**HOW TO COMPLETE THIS TASK:** Below are some records. Copy every line in them that holds "Intel".

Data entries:
************

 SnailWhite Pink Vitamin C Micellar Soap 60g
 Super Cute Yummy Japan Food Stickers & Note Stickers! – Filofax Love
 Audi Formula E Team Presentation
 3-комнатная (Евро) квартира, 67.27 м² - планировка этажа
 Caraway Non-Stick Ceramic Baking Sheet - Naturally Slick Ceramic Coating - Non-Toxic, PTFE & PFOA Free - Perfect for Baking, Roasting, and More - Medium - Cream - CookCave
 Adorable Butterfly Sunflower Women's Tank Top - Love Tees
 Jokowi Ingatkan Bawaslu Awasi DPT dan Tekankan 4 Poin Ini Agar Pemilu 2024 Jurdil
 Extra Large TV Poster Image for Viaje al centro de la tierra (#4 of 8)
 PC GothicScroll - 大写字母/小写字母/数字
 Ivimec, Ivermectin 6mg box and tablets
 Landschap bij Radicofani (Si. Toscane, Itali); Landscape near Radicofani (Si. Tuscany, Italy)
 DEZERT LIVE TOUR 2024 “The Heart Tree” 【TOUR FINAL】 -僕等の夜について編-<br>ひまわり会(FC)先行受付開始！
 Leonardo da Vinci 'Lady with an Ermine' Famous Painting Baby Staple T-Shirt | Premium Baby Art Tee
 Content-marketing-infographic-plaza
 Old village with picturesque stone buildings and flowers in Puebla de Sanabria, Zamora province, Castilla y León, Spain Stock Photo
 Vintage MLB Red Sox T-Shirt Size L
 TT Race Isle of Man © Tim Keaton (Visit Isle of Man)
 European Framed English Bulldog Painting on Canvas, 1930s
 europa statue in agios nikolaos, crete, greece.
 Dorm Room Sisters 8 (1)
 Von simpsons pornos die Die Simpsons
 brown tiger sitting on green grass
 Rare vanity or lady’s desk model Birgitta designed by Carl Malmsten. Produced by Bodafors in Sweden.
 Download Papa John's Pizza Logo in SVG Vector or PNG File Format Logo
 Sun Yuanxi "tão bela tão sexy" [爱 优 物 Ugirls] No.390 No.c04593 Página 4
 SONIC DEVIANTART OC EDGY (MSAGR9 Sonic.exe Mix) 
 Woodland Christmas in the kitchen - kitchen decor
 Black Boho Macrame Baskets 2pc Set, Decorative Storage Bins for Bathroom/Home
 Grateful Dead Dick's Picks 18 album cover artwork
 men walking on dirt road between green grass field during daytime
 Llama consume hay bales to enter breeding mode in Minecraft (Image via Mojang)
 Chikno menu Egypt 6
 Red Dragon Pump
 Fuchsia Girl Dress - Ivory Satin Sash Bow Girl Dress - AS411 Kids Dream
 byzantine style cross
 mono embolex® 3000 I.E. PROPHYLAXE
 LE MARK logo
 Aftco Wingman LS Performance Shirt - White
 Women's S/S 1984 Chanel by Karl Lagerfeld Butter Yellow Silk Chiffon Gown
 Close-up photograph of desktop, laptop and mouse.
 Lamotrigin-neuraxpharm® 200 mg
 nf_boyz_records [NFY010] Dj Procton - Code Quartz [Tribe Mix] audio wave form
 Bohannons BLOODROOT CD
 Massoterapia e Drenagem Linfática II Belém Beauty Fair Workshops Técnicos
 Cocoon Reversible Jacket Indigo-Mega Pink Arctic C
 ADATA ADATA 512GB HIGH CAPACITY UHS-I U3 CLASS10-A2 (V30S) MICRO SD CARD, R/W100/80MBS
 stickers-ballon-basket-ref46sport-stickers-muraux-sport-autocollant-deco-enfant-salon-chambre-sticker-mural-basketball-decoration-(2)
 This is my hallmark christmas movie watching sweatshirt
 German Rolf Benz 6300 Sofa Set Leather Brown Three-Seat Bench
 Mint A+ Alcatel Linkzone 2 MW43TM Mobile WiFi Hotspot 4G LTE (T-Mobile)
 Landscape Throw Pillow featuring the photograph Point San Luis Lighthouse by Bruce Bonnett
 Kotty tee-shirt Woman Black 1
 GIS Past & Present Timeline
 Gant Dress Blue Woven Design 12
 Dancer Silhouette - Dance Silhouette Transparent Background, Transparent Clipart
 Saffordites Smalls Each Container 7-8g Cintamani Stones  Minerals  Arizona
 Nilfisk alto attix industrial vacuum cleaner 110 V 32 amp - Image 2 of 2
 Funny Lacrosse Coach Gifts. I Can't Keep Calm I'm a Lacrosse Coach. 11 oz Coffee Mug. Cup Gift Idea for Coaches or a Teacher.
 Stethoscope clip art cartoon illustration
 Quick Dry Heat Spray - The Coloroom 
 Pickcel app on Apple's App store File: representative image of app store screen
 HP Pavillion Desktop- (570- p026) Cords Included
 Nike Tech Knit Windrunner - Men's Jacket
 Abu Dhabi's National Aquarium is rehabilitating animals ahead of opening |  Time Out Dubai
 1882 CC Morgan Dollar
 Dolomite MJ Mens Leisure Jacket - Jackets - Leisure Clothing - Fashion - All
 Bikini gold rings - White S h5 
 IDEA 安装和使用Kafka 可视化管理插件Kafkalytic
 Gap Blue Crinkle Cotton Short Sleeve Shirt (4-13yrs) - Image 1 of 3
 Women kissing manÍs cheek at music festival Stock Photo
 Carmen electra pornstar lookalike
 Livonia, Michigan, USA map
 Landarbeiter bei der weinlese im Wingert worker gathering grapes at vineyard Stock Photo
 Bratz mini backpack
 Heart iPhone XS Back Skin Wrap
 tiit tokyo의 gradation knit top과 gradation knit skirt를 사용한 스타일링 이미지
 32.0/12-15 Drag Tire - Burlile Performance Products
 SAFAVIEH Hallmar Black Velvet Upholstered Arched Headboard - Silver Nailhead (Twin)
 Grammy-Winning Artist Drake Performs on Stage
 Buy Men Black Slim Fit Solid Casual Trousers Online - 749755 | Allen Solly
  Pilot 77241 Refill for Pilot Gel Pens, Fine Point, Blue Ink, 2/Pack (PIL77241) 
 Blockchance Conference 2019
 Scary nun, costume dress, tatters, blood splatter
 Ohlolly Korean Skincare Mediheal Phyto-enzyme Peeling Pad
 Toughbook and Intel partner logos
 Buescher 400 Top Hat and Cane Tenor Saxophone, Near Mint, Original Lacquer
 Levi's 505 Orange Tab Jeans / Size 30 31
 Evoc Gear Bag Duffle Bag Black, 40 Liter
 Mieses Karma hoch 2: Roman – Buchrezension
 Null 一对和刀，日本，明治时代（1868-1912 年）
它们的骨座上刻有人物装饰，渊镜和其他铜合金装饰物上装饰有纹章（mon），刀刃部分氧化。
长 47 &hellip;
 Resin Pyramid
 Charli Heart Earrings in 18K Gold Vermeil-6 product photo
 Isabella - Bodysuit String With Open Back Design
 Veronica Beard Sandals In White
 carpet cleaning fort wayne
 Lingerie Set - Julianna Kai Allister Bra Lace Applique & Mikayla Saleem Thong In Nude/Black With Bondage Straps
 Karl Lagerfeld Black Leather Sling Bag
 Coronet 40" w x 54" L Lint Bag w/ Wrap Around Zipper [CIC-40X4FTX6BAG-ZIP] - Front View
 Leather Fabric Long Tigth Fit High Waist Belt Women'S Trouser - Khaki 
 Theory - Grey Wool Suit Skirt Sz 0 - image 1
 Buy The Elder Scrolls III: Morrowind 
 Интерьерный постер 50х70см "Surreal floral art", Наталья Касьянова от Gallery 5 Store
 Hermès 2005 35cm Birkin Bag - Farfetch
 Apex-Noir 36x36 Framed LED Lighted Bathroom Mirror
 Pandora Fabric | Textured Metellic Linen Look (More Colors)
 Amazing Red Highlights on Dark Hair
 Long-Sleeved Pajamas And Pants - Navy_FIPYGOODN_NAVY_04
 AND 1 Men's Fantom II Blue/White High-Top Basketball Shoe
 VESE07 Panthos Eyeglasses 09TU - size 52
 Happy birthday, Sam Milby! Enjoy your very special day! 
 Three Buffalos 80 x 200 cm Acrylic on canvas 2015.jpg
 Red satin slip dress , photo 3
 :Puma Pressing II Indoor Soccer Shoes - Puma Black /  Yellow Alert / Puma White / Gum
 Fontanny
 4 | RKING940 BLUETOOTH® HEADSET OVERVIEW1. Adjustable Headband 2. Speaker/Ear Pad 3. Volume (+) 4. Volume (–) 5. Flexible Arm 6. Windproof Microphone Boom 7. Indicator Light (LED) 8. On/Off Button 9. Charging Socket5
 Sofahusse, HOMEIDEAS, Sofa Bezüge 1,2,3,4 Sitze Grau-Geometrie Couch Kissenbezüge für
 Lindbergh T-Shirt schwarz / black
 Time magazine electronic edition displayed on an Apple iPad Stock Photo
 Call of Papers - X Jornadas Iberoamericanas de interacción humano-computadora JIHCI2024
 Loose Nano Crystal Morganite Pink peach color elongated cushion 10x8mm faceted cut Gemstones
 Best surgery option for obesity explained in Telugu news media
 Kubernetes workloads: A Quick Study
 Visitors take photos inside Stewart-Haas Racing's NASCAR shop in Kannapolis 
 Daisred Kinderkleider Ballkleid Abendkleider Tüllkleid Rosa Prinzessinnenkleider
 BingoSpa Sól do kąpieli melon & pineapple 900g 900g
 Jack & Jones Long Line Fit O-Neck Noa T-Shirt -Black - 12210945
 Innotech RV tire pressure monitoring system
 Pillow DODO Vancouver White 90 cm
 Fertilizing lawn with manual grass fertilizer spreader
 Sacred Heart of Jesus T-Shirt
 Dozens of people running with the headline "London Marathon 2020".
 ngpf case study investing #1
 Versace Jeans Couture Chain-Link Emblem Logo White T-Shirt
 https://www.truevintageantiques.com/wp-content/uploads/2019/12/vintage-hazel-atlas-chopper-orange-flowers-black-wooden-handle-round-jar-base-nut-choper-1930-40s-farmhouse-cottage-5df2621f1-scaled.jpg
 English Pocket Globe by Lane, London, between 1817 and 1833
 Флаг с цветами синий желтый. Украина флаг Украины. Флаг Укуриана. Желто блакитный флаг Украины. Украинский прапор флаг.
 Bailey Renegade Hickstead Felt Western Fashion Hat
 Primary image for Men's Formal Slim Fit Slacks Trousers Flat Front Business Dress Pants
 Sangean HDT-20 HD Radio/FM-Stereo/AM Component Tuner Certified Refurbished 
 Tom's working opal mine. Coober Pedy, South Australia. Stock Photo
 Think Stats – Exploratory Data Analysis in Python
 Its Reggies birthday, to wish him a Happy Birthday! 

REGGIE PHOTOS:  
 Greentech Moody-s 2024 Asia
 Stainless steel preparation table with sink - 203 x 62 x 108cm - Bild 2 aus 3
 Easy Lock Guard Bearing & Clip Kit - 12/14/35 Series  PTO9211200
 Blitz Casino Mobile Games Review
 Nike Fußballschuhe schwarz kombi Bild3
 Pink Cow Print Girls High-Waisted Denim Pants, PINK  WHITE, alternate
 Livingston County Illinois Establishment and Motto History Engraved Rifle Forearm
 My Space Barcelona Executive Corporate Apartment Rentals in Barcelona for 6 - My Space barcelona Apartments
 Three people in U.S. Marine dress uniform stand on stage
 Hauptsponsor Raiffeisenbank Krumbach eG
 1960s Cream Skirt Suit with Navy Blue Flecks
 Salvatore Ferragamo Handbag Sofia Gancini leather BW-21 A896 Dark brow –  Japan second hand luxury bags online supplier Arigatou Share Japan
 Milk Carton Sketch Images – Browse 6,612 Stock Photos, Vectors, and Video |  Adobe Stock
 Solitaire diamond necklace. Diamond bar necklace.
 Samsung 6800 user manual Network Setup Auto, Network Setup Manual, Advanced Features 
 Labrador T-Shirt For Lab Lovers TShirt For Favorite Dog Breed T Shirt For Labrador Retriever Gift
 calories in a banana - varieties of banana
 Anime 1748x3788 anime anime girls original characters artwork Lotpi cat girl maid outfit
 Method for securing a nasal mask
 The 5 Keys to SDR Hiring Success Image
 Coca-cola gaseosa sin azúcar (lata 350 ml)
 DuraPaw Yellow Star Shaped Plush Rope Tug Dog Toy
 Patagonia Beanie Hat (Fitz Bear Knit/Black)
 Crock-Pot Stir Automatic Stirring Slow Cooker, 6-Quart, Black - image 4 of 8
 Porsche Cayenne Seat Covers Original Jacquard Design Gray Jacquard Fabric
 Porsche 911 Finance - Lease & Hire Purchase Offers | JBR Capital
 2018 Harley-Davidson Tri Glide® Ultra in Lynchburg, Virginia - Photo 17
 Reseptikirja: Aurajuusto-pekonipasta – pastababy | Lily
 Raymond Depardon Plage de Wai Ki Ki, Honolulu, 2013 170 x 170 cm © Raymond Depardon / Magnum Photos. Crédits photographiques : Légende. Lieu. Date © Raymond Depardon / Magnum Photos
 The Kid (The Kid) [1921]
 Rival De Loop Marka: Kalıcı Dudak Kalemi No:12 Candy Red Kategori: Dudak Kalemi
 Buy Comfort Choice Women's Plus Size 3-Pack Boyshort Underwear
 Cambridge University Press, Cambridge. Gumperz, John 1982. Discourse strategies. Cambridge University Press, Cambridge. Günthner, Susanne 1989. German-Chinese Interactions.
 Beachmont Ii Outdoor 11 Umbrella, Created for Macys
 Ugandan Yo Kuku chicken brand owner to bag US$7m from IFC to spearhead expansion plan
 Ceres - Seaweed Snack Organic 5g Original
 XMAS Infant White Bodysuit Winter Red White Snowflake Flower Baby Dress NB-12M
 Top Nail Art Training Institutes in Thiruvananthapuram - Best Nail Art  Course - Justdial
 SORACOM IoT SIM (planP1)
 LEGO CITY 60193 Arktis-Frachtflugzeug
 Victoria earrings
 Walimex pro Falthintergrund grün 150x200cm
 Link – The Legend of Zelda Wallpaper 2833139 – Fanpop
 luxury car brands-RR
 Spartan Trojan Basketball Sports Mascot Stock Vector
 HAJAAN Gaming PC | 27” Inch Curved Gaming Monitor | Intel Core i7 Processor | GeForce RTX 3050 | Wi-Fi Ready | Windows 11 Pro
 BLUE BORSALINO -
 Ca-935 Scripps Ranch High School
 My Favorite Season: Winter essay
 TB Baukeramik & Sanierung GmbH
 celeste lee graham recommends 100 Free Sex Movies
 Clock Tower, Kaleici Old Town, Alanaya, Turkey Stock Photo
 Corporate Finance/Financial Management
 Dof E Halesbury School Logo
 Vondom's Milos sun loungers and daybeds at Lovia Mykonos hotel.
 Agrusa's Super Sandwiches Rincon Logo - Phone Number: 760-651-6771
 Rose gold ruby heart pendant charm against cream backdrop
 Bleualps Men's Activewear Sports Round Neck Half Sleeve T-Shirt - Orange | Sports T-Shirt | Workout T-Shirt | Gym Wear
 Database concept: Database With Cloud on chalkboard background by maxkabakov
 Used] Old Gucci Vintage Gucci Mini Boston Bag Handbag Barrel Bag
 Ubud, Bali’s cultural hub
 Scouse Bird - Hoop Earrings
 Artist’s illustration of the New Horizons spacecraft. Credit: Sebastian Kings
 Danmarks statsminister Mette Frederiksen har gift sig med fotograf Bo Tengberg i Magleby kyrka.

************

**TASK ANSWER:**
 Toughbook and Intel partner logos
 HAJAAN Gaming PC | 27” Inch Curved Gaming Monitor | Intel Core i7 Processor | GeForce RTX 3050 | Wi-Fi Ready | Windows 11 Pro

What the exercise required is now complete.